Van belang is verder dat uit de gedingstukken blijkt dat verzoekster terzake van haar klachten in het afgelopen jaar door verschillende artsen is gezien, dat daarbij symptomen van verschillende aandoeningen zijn vastgesteld, maar dat daarover nog geen in ieder opzicht definitieve onderzoeksresultaten zijn verkregen. Op grond van de op dat moment beschikbare gegevens is het Bureau Medische Advisering van verweerder op 27 maart 2001 tot de slotsom gekomen dat verzoekster wel in staat moest worden geacht te reizen - ook per vliegtuig - , maar dat, mocht het, bijvoorbeeld naar aanleiding van een (dreigende) uitzetting, tot een herhaling van een crisissituatie komen die zich eerder had voorgedaan opnieuw zou moeten worden beoordeeld of en zo ja onder welke condities verzoekster zou kunnen reizen. De president gaat er op grond van de stukken van uit dat verzoekster vóór haar uitzetting niet meer door een deskundige is gezien. Dat de dienstdoende ambtenaren, naar verweerder heeft meegedeeld, tijdens haar vervoer naar Schiphol geen signalen hebben geconstateerd waar uit was af te leiden dat verzoekster (wederom) in een dergelijke crisissituatie is gekomen, doet aan het vorenstaande niet af.

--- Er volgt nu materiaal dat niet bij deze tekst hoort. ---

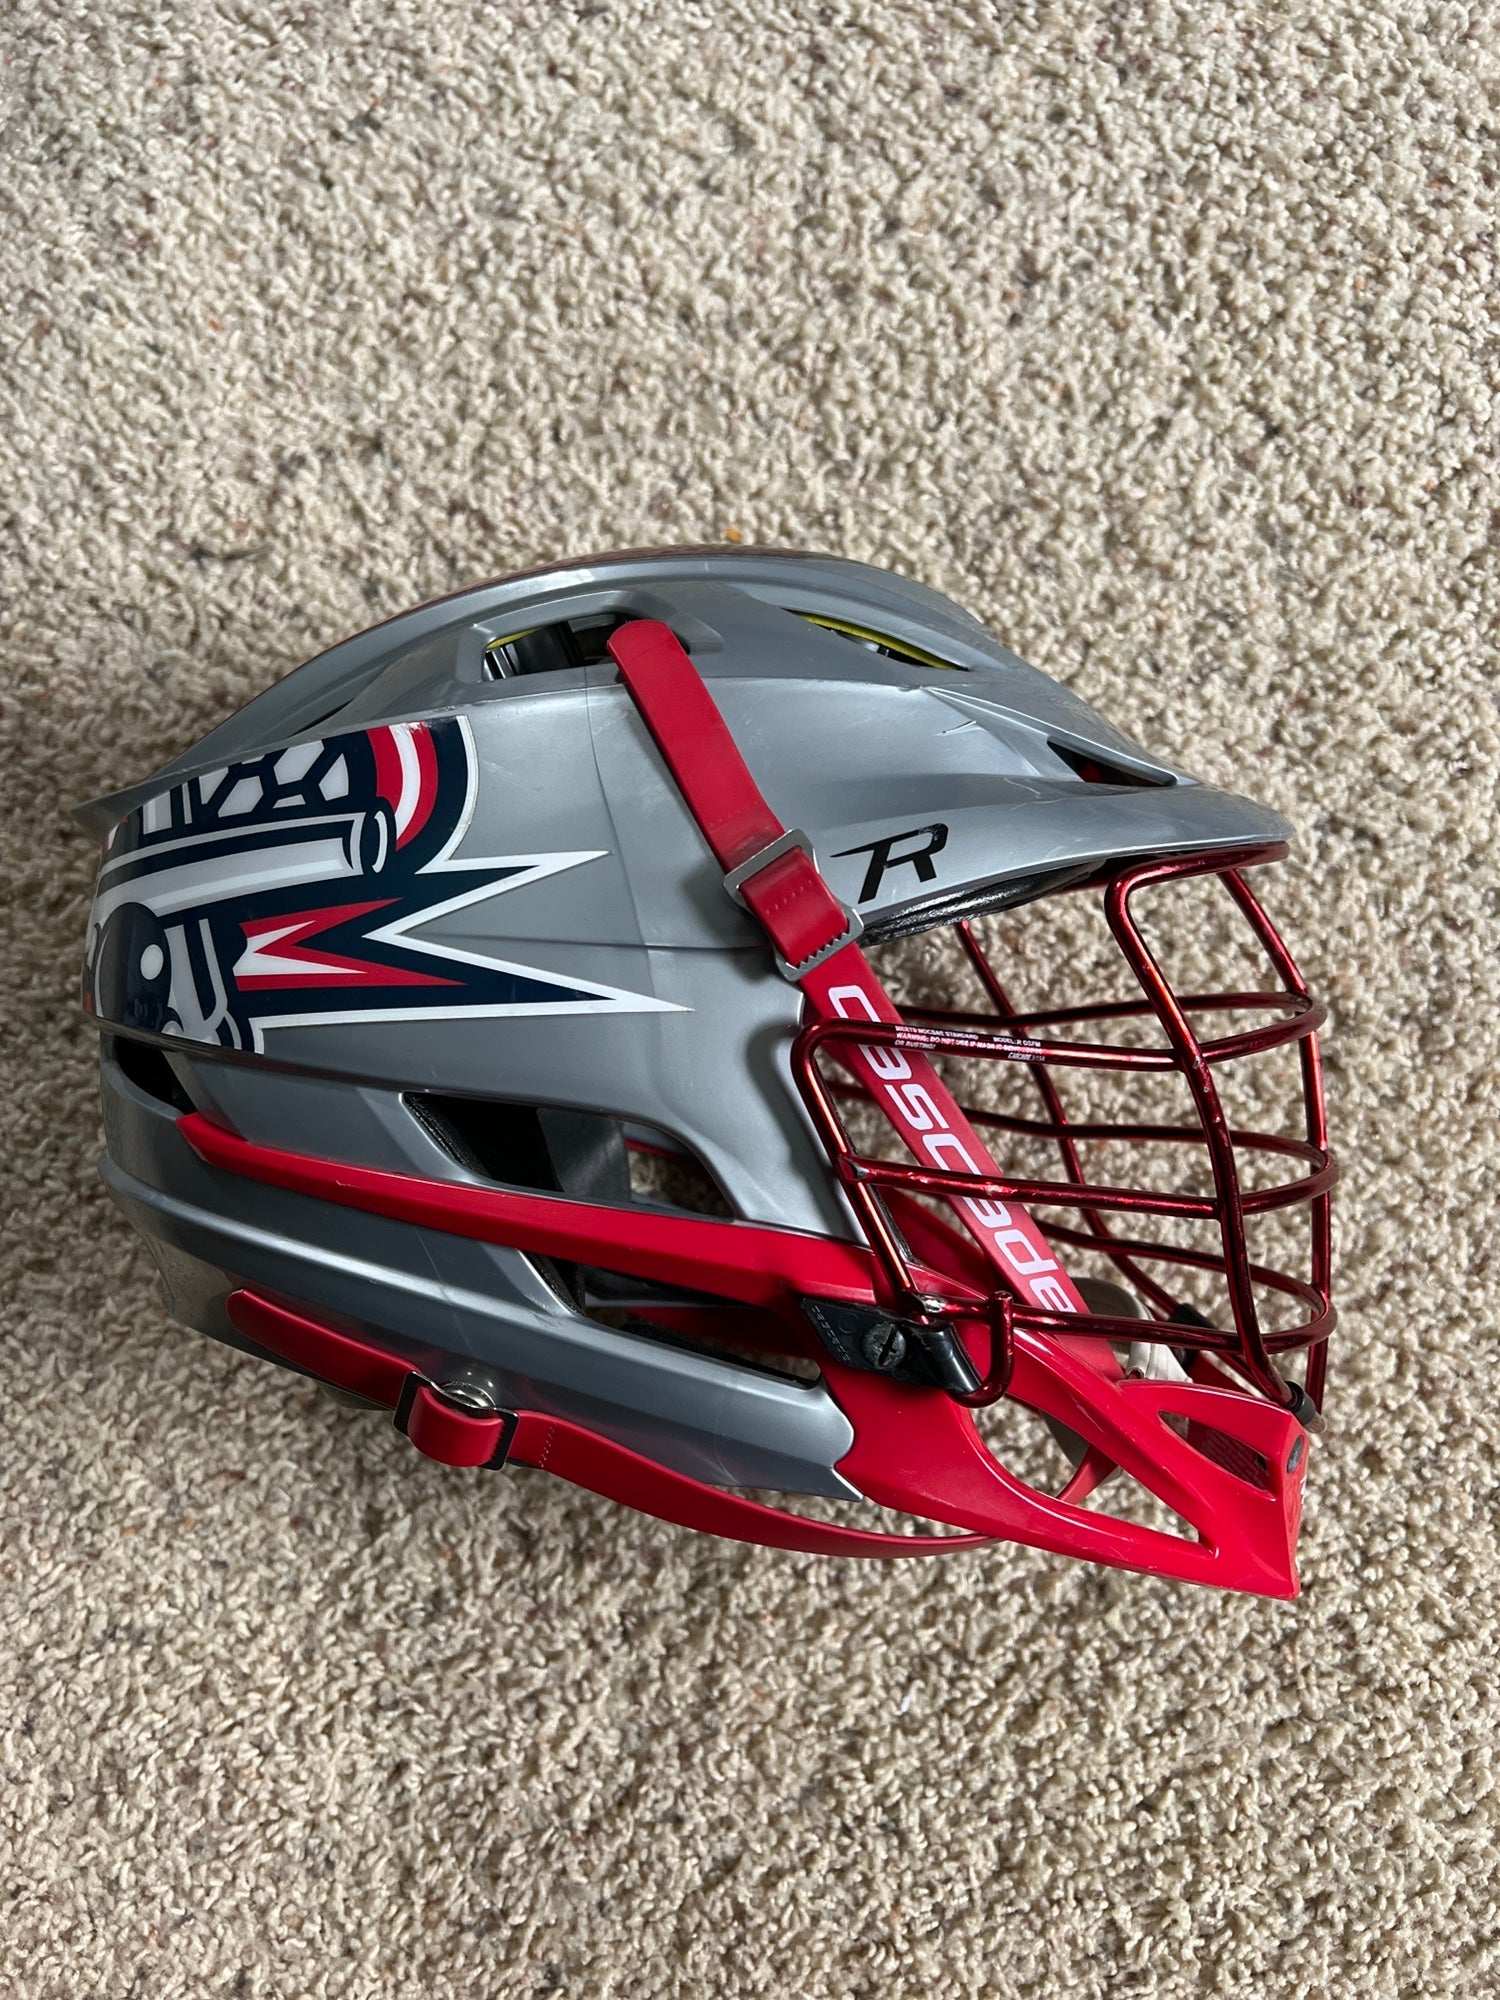 Cannons Lacrosse Helmet | SidelineSwap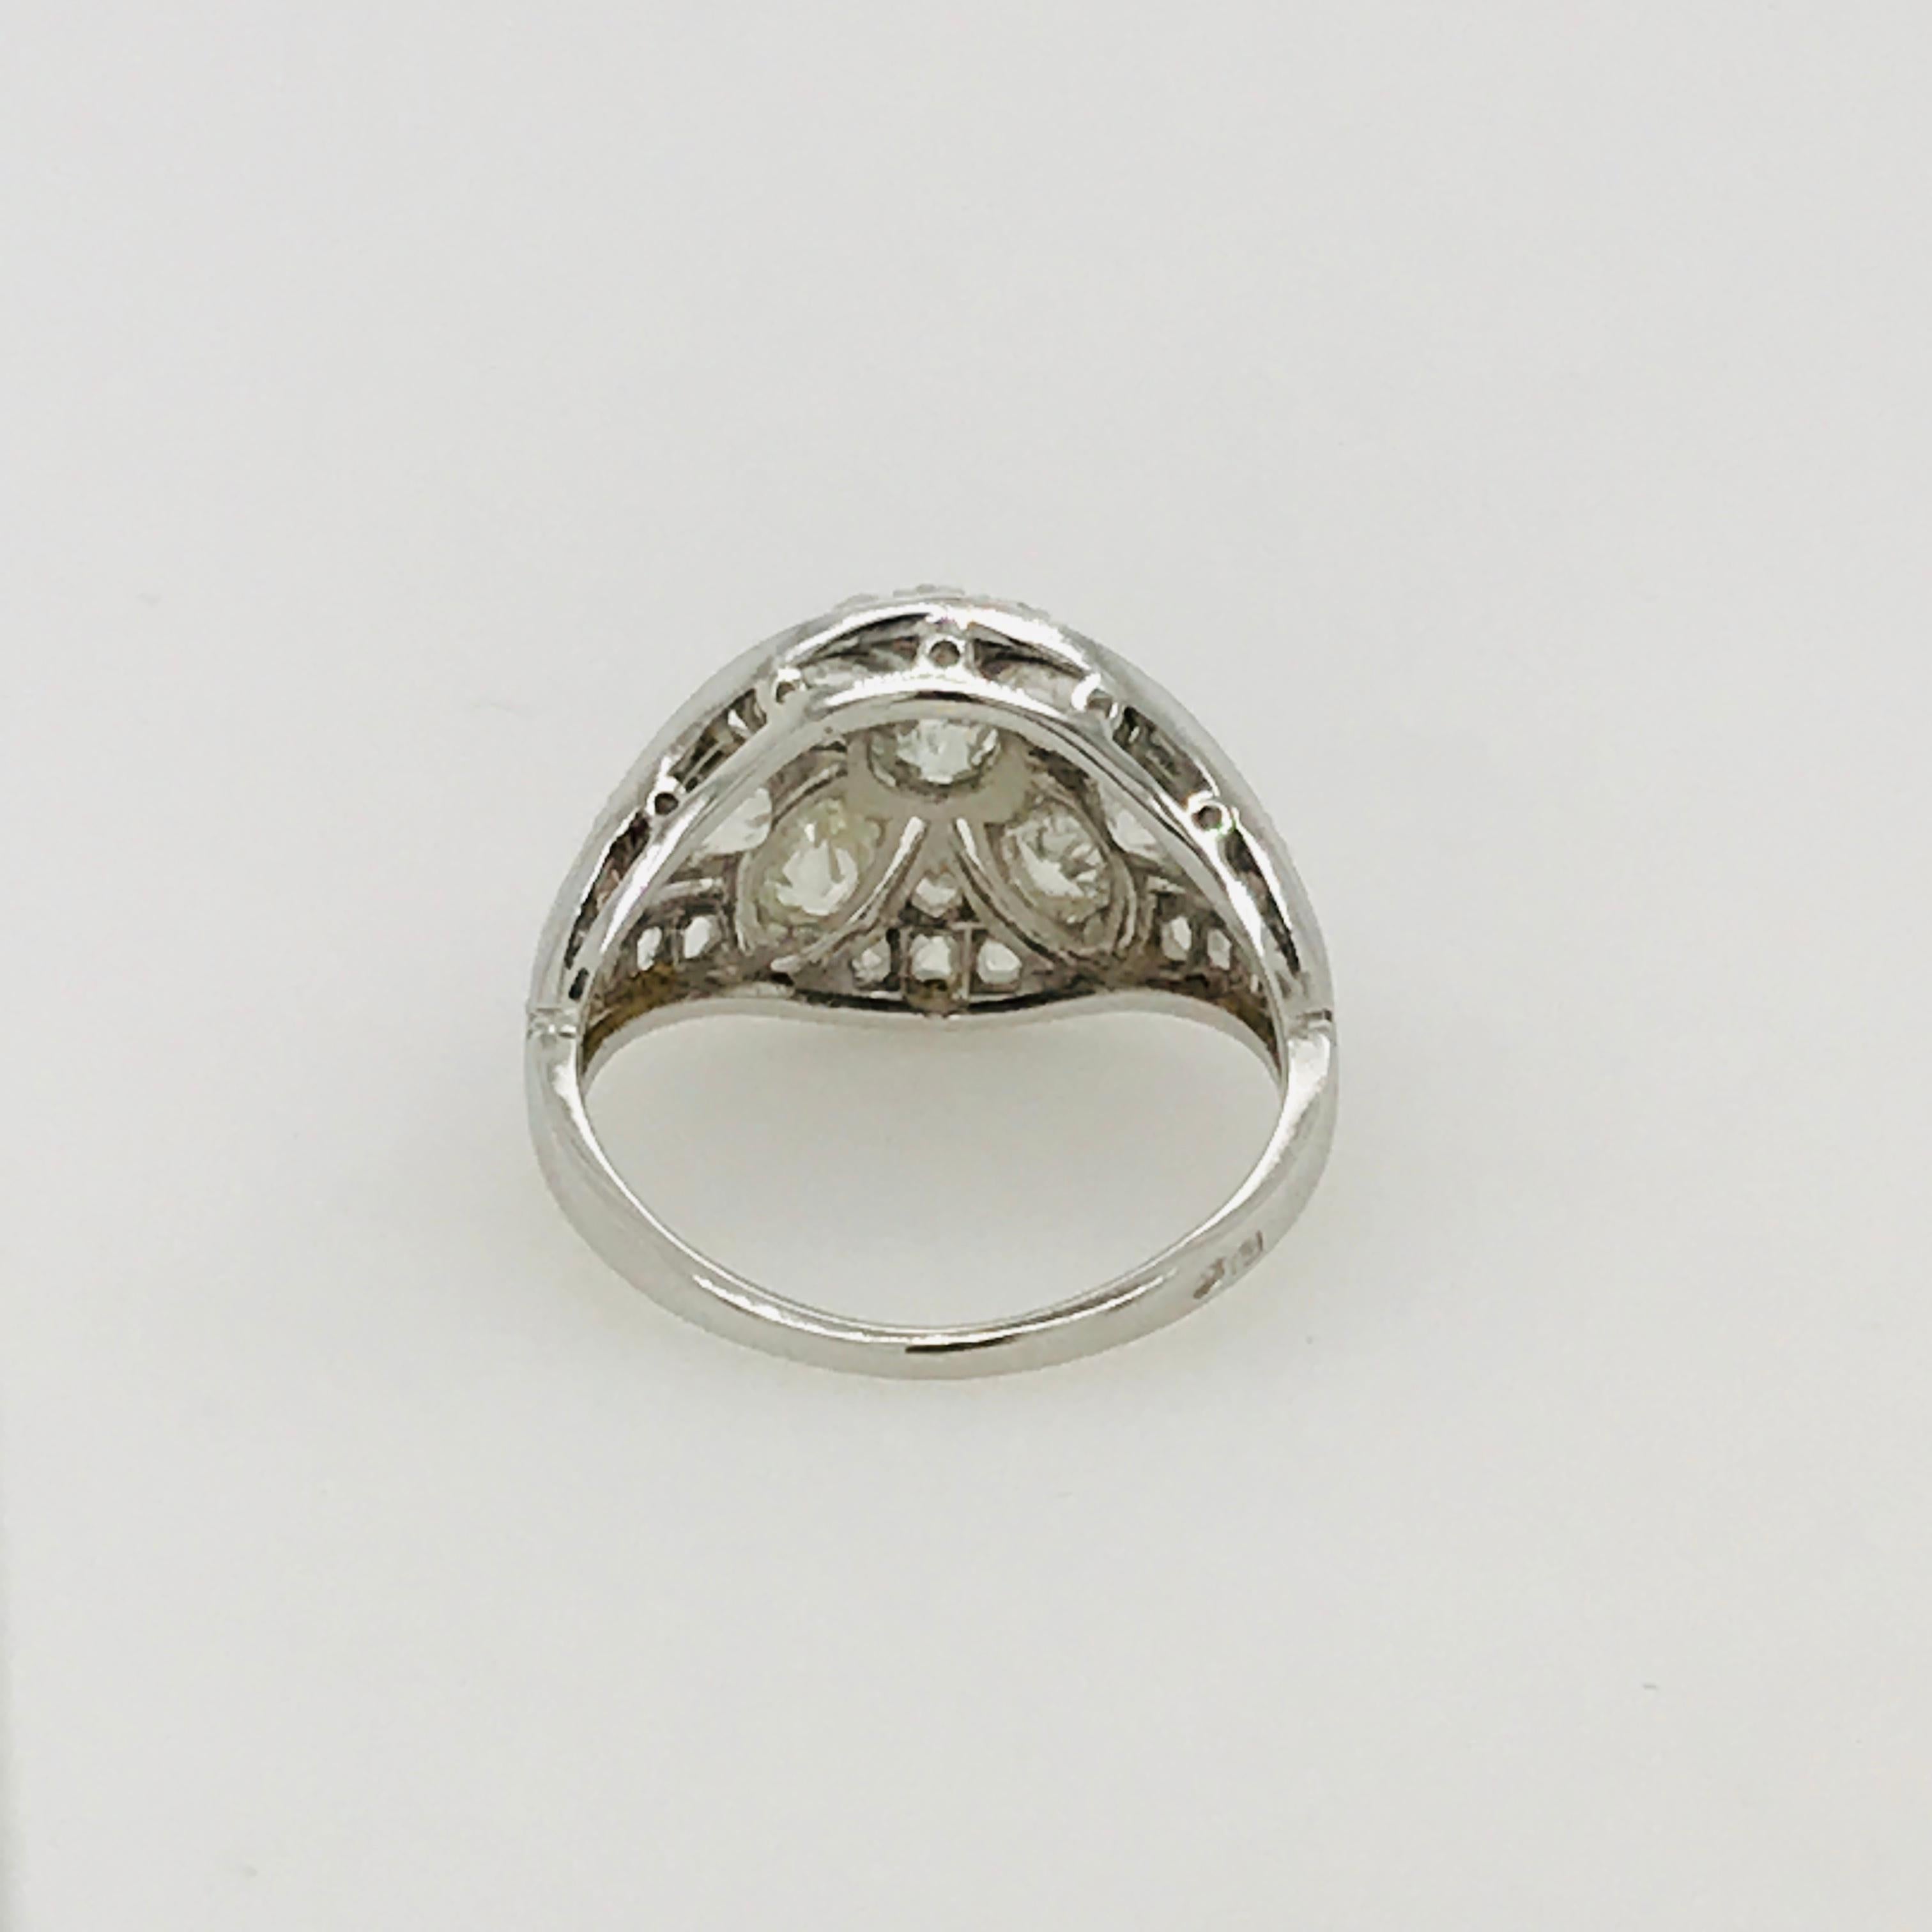 Art Deco Period Diamond Ring circa 1930 Set in Platinum and 18 Carat White Gold (Art déco)

Tenslotte is van belang dat de gemachtigde van verzoekster een telefoonnotitie van zijn hand van
21 juni 2001 heeft overgelegd waarin onder meer is opgetekend dat M. Kokshoorn, werkzaam bij de IND-Hoofddorp, hem op die datum heeft toegezegd dat de gemachtigde in geval van daadwerkelijke uitzetting daarvan tijdig op de hoogte zal worden gesteld. Verweerder heeft, desgevraagd, telefonisch meegedeeld dat van een dergelijke toezegging uit zijn dossier niet blijkt. M. Kokshoorn voornoemd was op 20 september 2001 niet bereikbaar.
III. OVERWEGINGEN
1. Er moet van uit worden gegaan dat de uitzetting van verzoekster, waarmee reeds een aanvang was gemaakt toen het verzoek om een voorziening te treffen ter griffie van deze rechtbank binnenkwam, heden is geëffectueerd. Verzoekster heeft daardoor geen belang meer bij het primaire onderdeel van het ingediende verzoek, er toe strekkende dat het verweerder zal worden verboden verzoekster uit Nederland te verwijderen totdat zal zijn beslist op het namens haar ingediende bezwaar tegen de feitelijke handeling van de (dreigende) uitzetting als zodanig. Beoordeeld zal derhalve moeten worden of er aanleiding is, met inachtneming van de in artikel 8:81, lid 1, van de Awb genoemde maatstaf, de voorziening te treffen verweerder, kort gezegd, te bevelen verzoekster (en haar zoontje) weer tot Nederland toe te laten. De president beantwoordt die vraag bevestigend, en overweegt daartoe als volgt.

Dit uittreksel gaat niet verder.